REQUIRED WORK:
Reproduce only what runs from the line containing "CMT vincitore del" to the line containing "Hoạt Động Tư" in the records below, inclusive. Keep it exact, and keep the pictures out.

====== DATASET ENTRIES

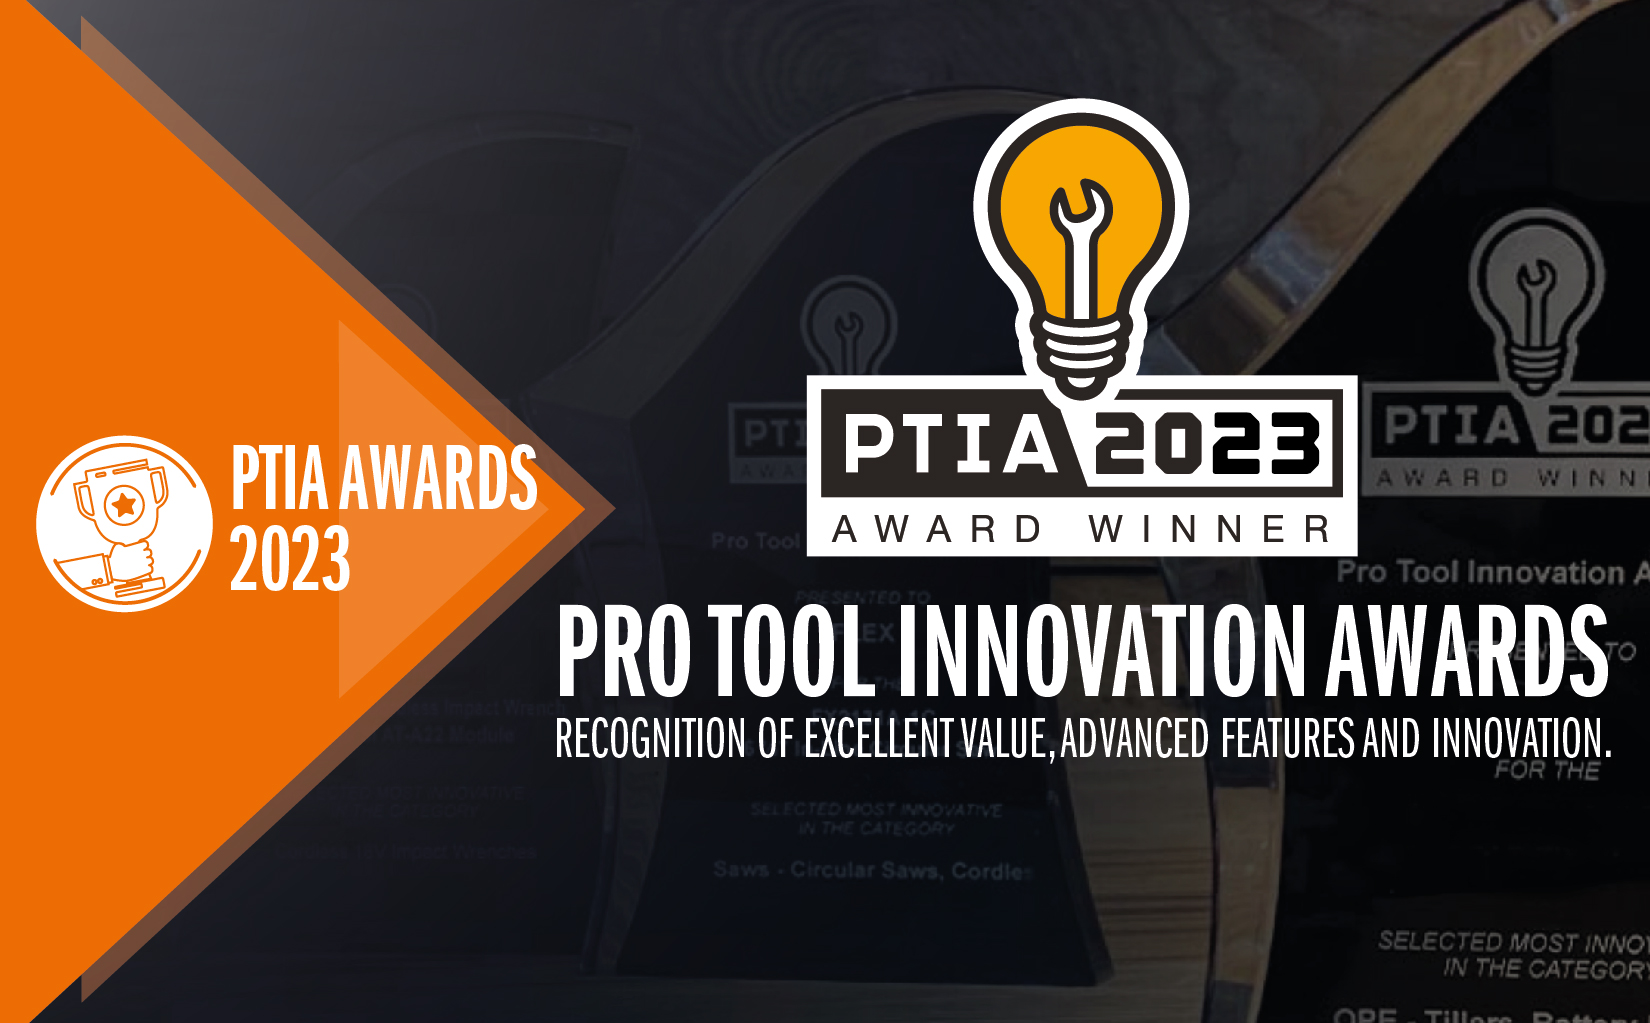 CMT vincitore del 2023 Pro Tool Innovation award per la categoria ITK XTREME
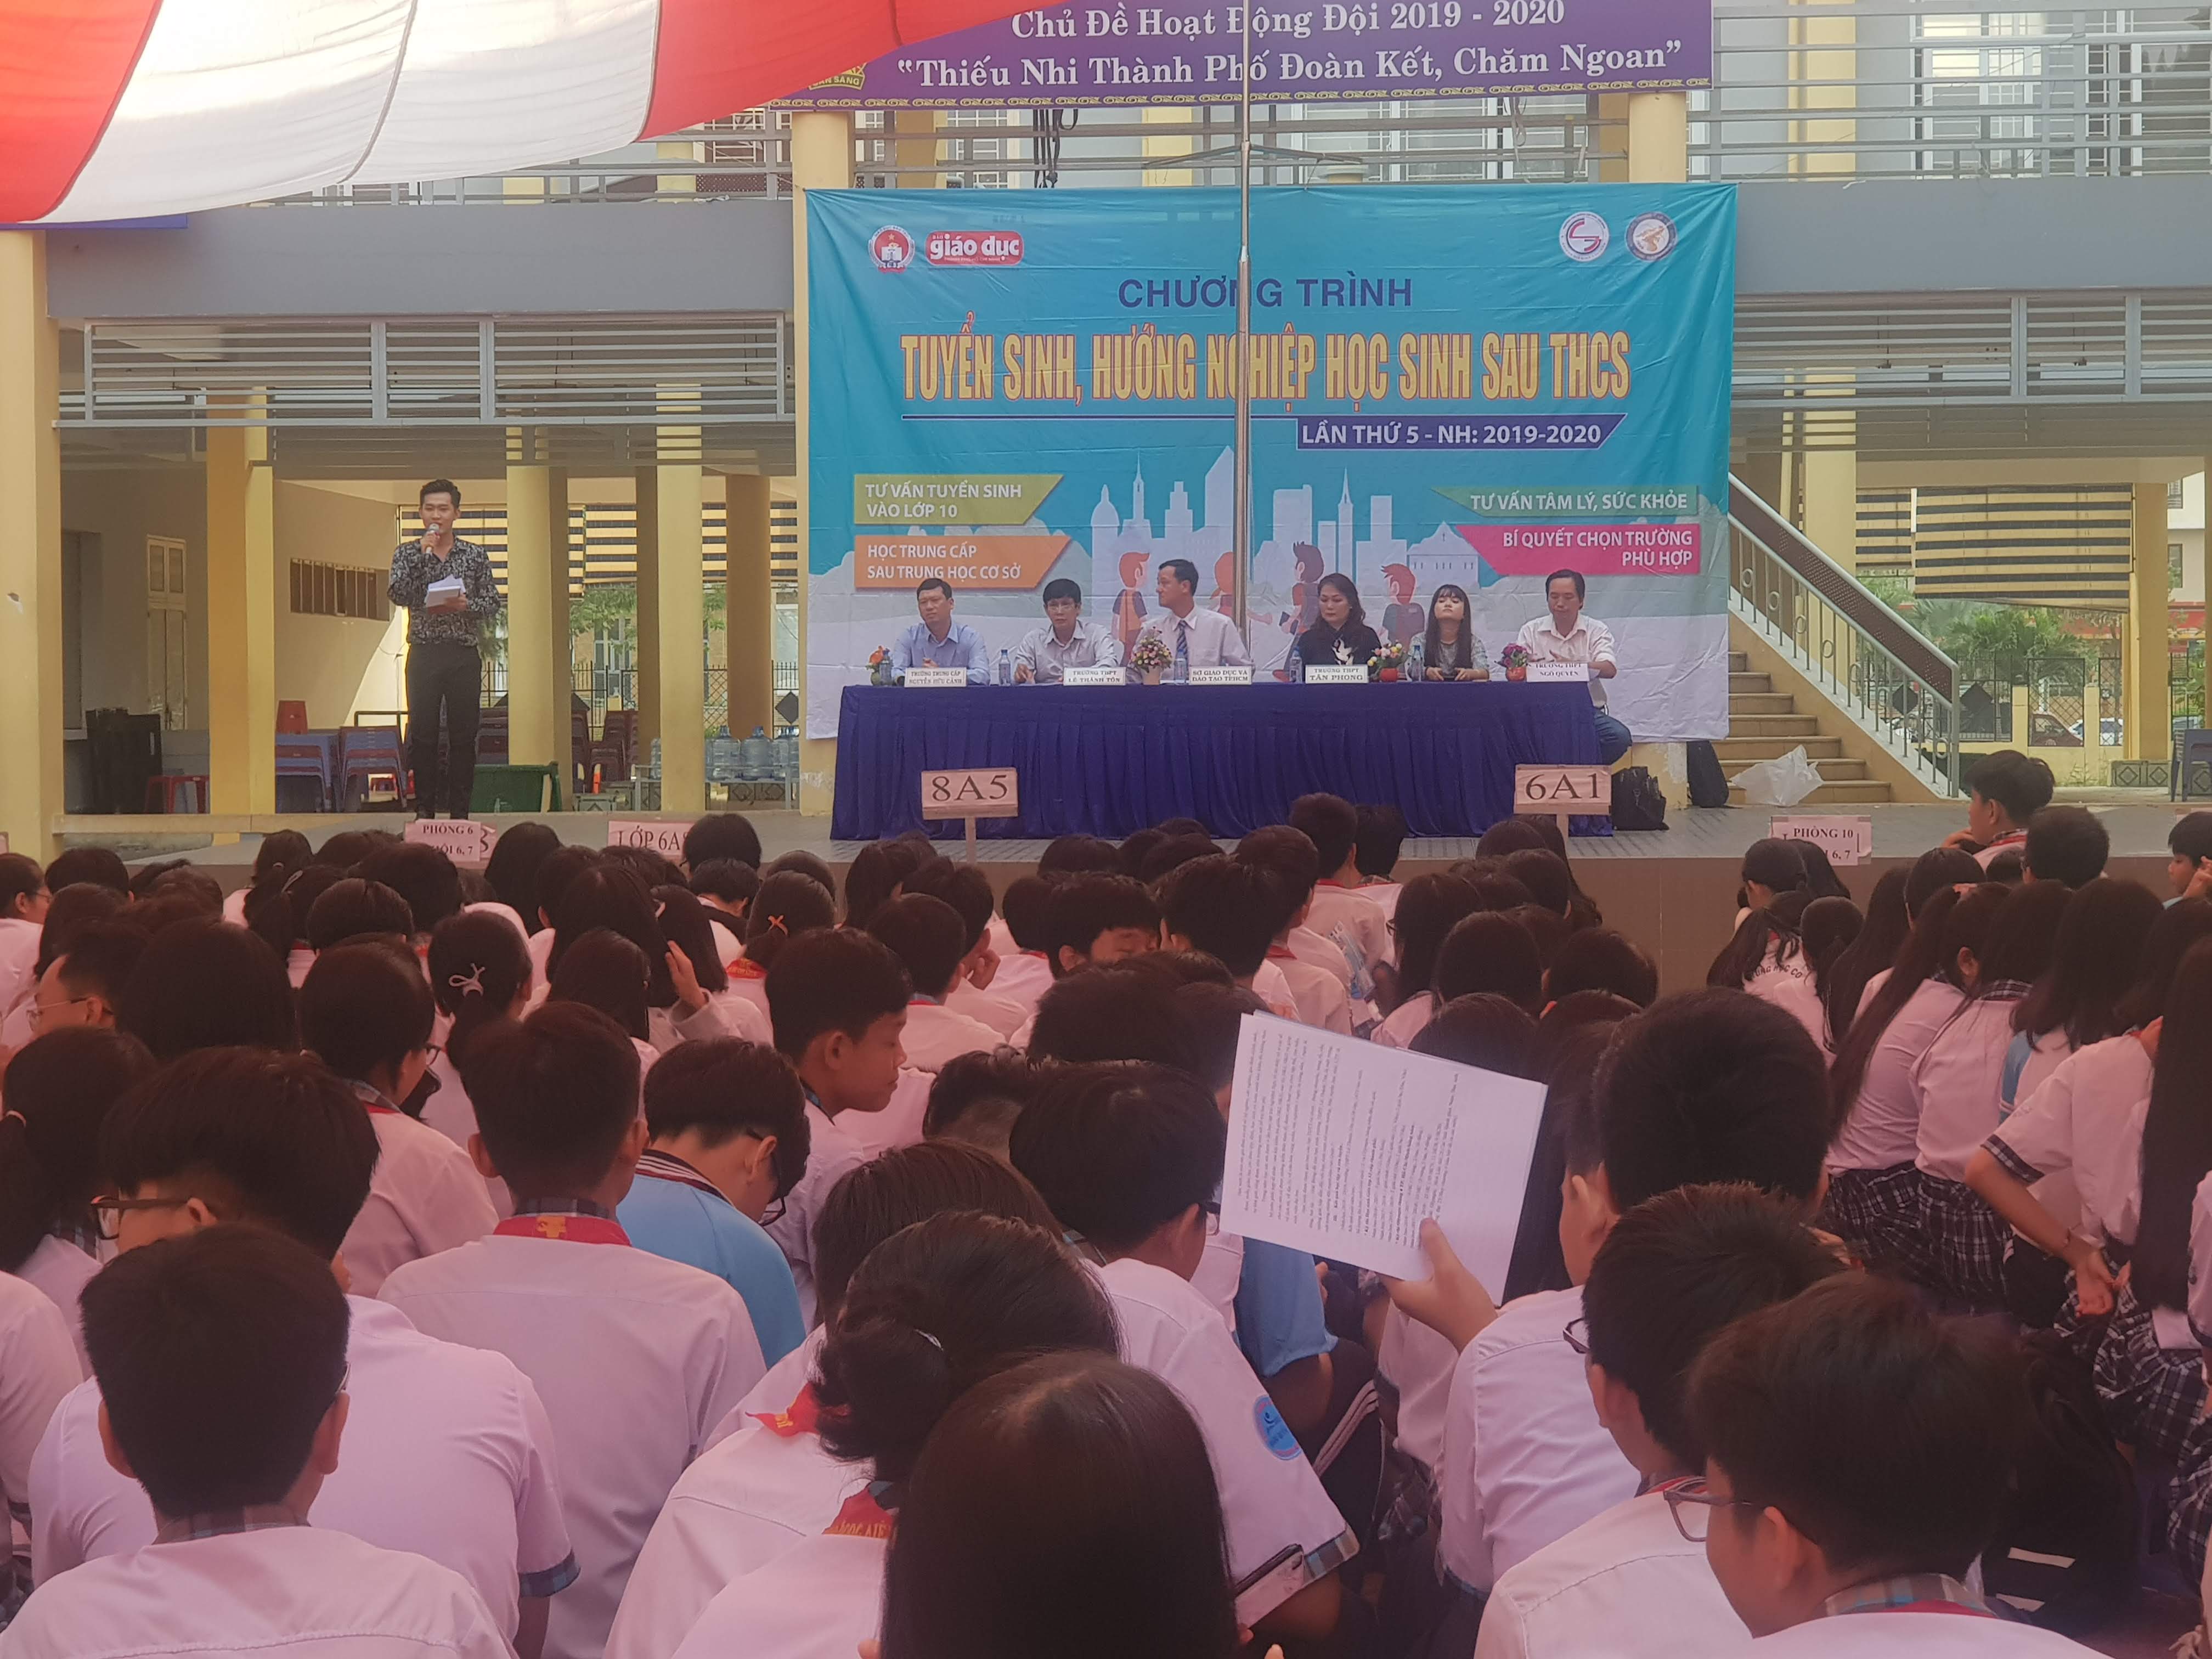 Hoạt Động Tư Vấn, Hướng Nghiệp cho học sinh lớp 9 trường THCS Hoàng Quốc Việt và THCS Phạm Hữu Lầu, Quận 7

============
====== DATASET ENTRIES

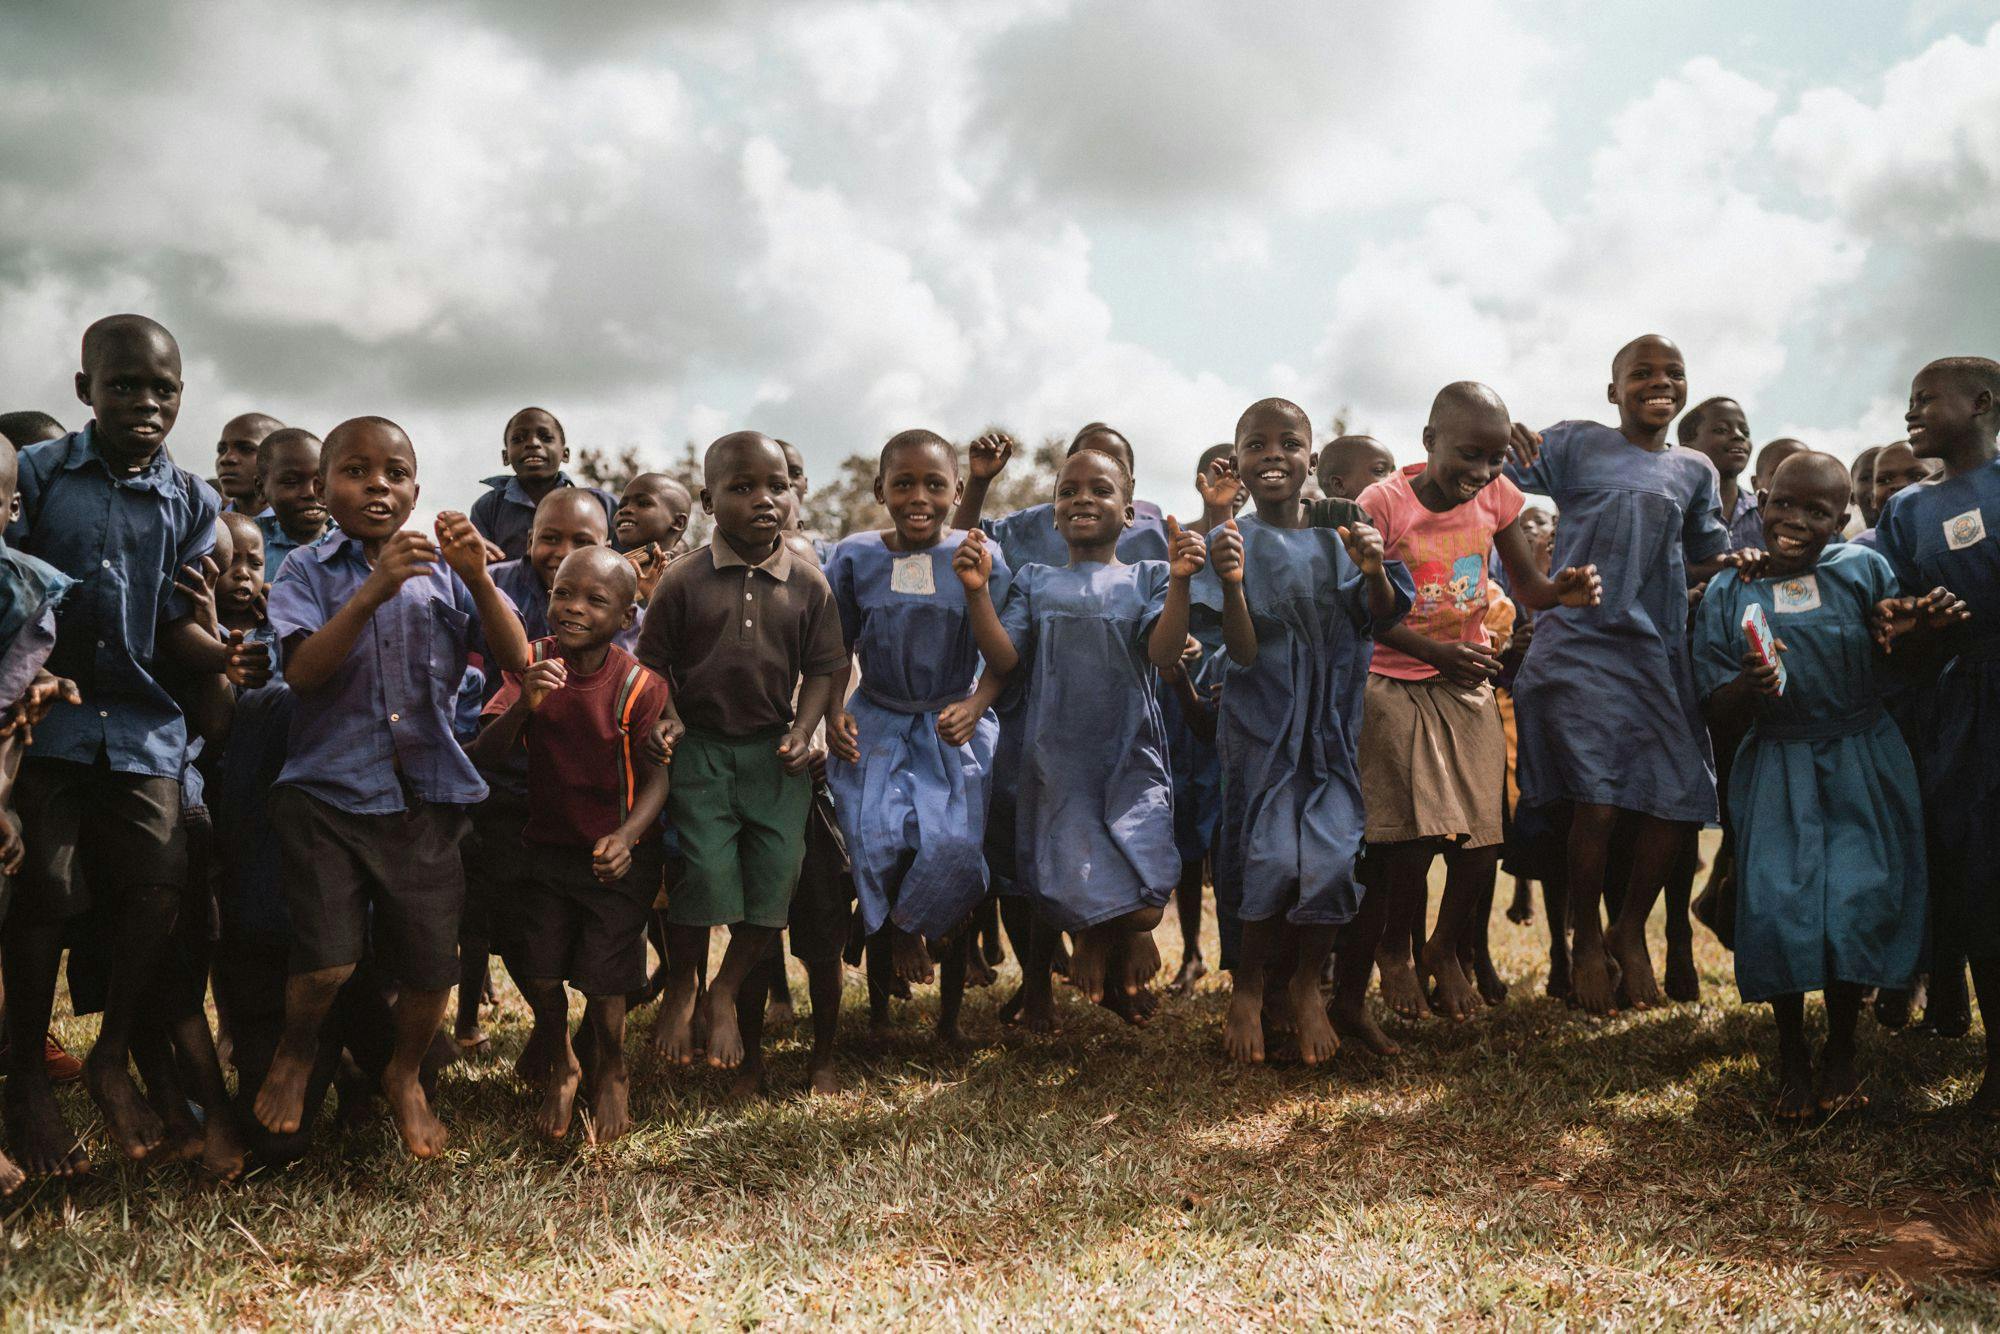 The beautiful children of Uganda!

============

THE ANSWER:
 CMT vincitore del 2023 Pro Tool Innovation award per la categoria ITK XTREME
 Hoạt Động Tư Vấn, Hướng Nghiệp cho học sinh lớp 9 trường THCS Hoàng Quốc Việt và THCS Phạm Hữu Lầu, Quận 7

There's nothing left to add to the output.